Any and all help will be GREATLY appreciated. 

-JD


----------



## nineball (Jan 17, 2008)

Shanfara said:


> I have been researching for the last several weeks and meeting with car audio "experts" from Crutchfield and BestBuy to price an adequate car audio upgrade.


never met an expert at bb. ever. if they were that good they would have a job at a real shop.

since you have no experience installing i would suggest you try to find someone on here who does and is local to you. while installing a system is not rocket science you can easily screw a lot of things up and cause more problems to your car.


----------



## Shanfara (May 10, 2011)

nineball said:


> never met an expert at bb. ever. if they were that good they would have a job at a real shop.
> 
> since you have no experience installing i would suggest you try to find someone on here who does and is local to you. while installing a system is not rocket science you can easily screw a lot of things up and cause more problems to your car.


Hence the quotation marks. I got frustrated with the lacking information I was presented with.

What I have found out in the last couple of hours has led me to wanting to install an amp and sub to start with. I guess that means I need an LOC, an amp, and an 8" sub. Any suggestions on any of these parts? I would like to keep the sub under 150.


----------



## severedthumbz (Apr 7, 2011)

get u a bazooka tube and call it a day. lol


----------



## trent.g (Feb 18, 2011)

The door speakers are 5x7. Not a very common size but you can fit 6.5's in there with a little baffle adapter. If you get components the tweeters could sit on your A-pillar or mounted to (or in) the sail panels where the factory tweeters would be in the next model up. You might want to look into a multi channel amp to keep cost down because you will probably want to amp the door speakers too. The Mazda HU (non-bose) doesn't give a very flat signal at all. Look into a LOC that does double duty as an EQ. Audiocontrol EQL/EQS, Rockford Fosgate Re-Q/Re-Q 5/360, JL Cleansweep all have high level inputs for instance. 

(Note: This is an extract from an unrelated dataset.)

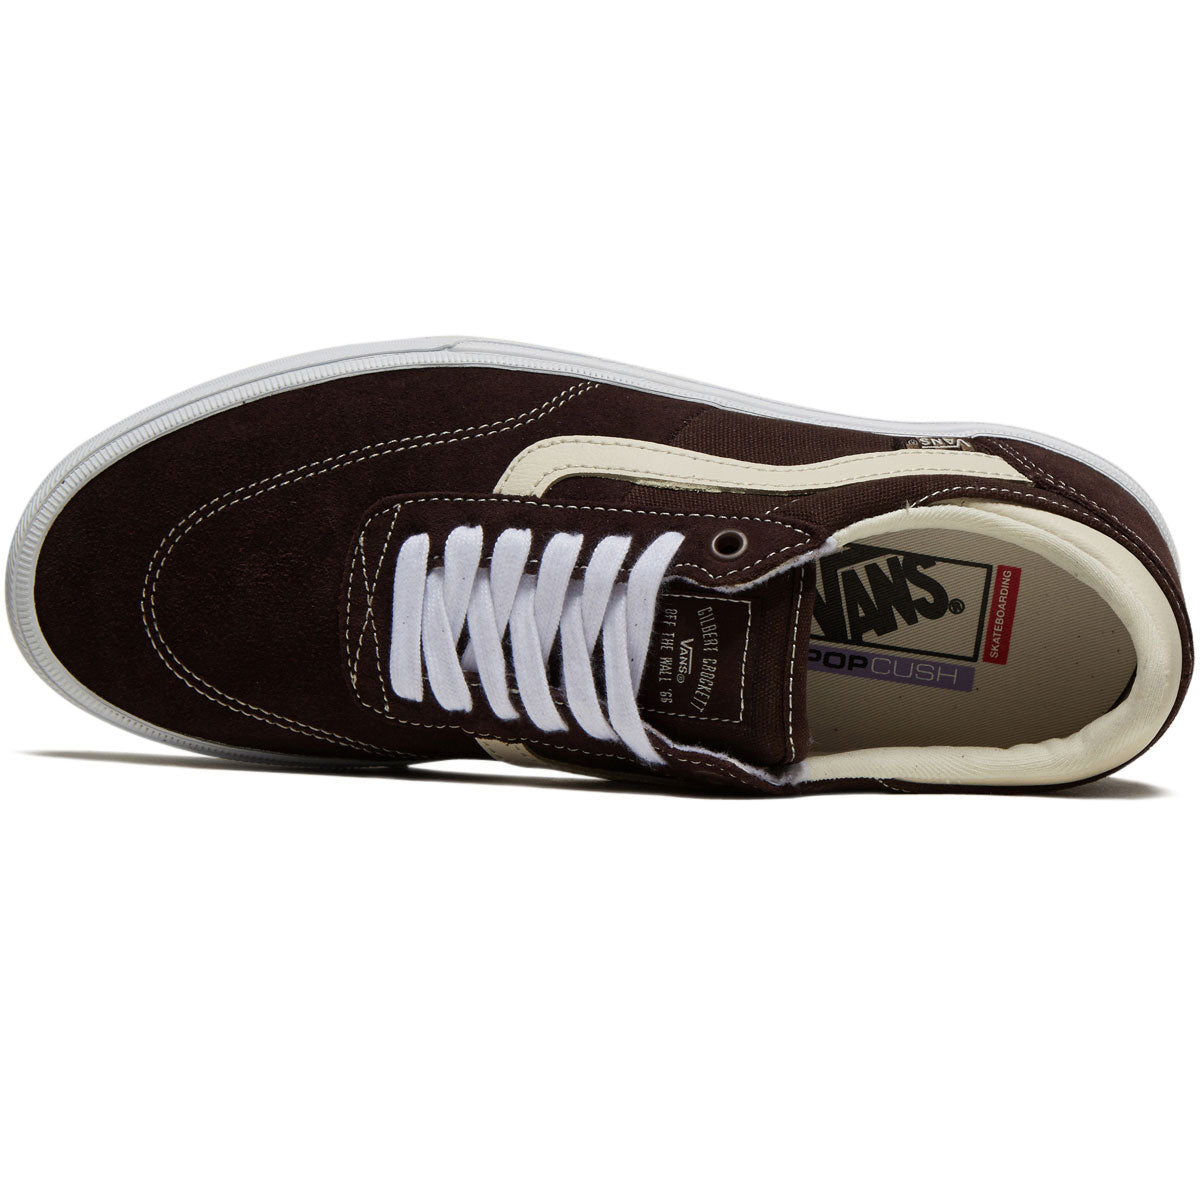 Vans Gilbert Crockett Shoes - Dark Brown image 3

But for starters, yes, an amp and a sub do wonders when spliced in with a basic LOC like David Navone's products.
David Navone - Adaptor Products - Car Audio Engineering

Check out the classifieds on the forum too because there are alot of bargains on amps, subs and speakers. I'll let some other people make specific recommendations...


----------



## 000zero (Mar 12, 2011)

If you do have 5x7 or 6x8 speakers I would either build a custom mount (or buy one) so you can fit either a 5.25 or 6.5 speaker. Your speaker options will be a lot less limited. Some people even say that circular speakers have better SQ because they can reproduce sounds with greater accuracy, I am not sure about that I have not done the research, but a I can tell you that I have had a number of different 6x9 speakers and they all did not sound as good as the circular speaker from the same line.


----------



## Shanfara (May 10, 2011)

Thanks Trent,

I was snooping around my passenger side earlier and noticed some thick blue cables tucked into the kick panel. I took it off and found two monster RCA cables rolled up and running up to the stereo:








When I pulled the HU out, I found this:








I think the green thing is an LOC, correct? So does this mean I just need an amp and a sub? How do I remove the glove box to gain access to the green thing (I can't wiggle it out very far)?


----------



## Shanfara (May 10, 2011)

severedthumbz said:


> get u a bazooka tube and call it a day. lol


A Bazooka is too sloppy. I want something more refined. I appreciate the response, however.


----------



## trent.g (Feb 18, 2011)

Dude. Score! (The pics didn't come through but you might have the easiest sub install ever if that's what they are.) I'm guessing you recently bought the car used. You just never know what the previous owner left behind


----------



## nineball (Jan 17, 2008)

ya, that looks like a loc. personally i would rip the craptastic install job apart to make sure. wire nuts and electrical tape are not the way to go for car audio. the lines should be soldered and heat shrink, or at a minimum soldered and taped. wires nuts are the lazy way out and should stay where they were intended to be used - in a house.


----------



## jimp (Jul 12, 2009)

if you are interested in seeing what is involved in going DIY, suggest you search for mazda 3 in the build log forums, several guys have documented their builds with lots of pictures/narrative which will give you lots of pointers and tips. it's not hard, but can be very time consuming, and enjoyable as well. I have an 05 Mz3, but would guess the 2010 3 is not all that much different in taking it apart and the install portion. Check out some mazda forums as well for build logs. I know I referred to them numerous times as well as here.


----------



## Shanfara (May 10, 2011)

Thanks guys,

I will check the build logs and see what I can find. Unfortunately I don't know anything about "soldering and heat shrinking". I would rather leave it alone if it works. That being said I have no idea what to do for a sub. Wouldn't mounting one in the trunk make it muffled and then you have to get a louder sub to hear it? I would think that would just piss people off outside of the car and make everything rattle uncontrollably. I want to keep it in the cab if my assumptions are true (plus I need to be able to fit my Mosin Nagant's and M4 in the trunk when I go to the range because they sit diagonally and take up the whole thing).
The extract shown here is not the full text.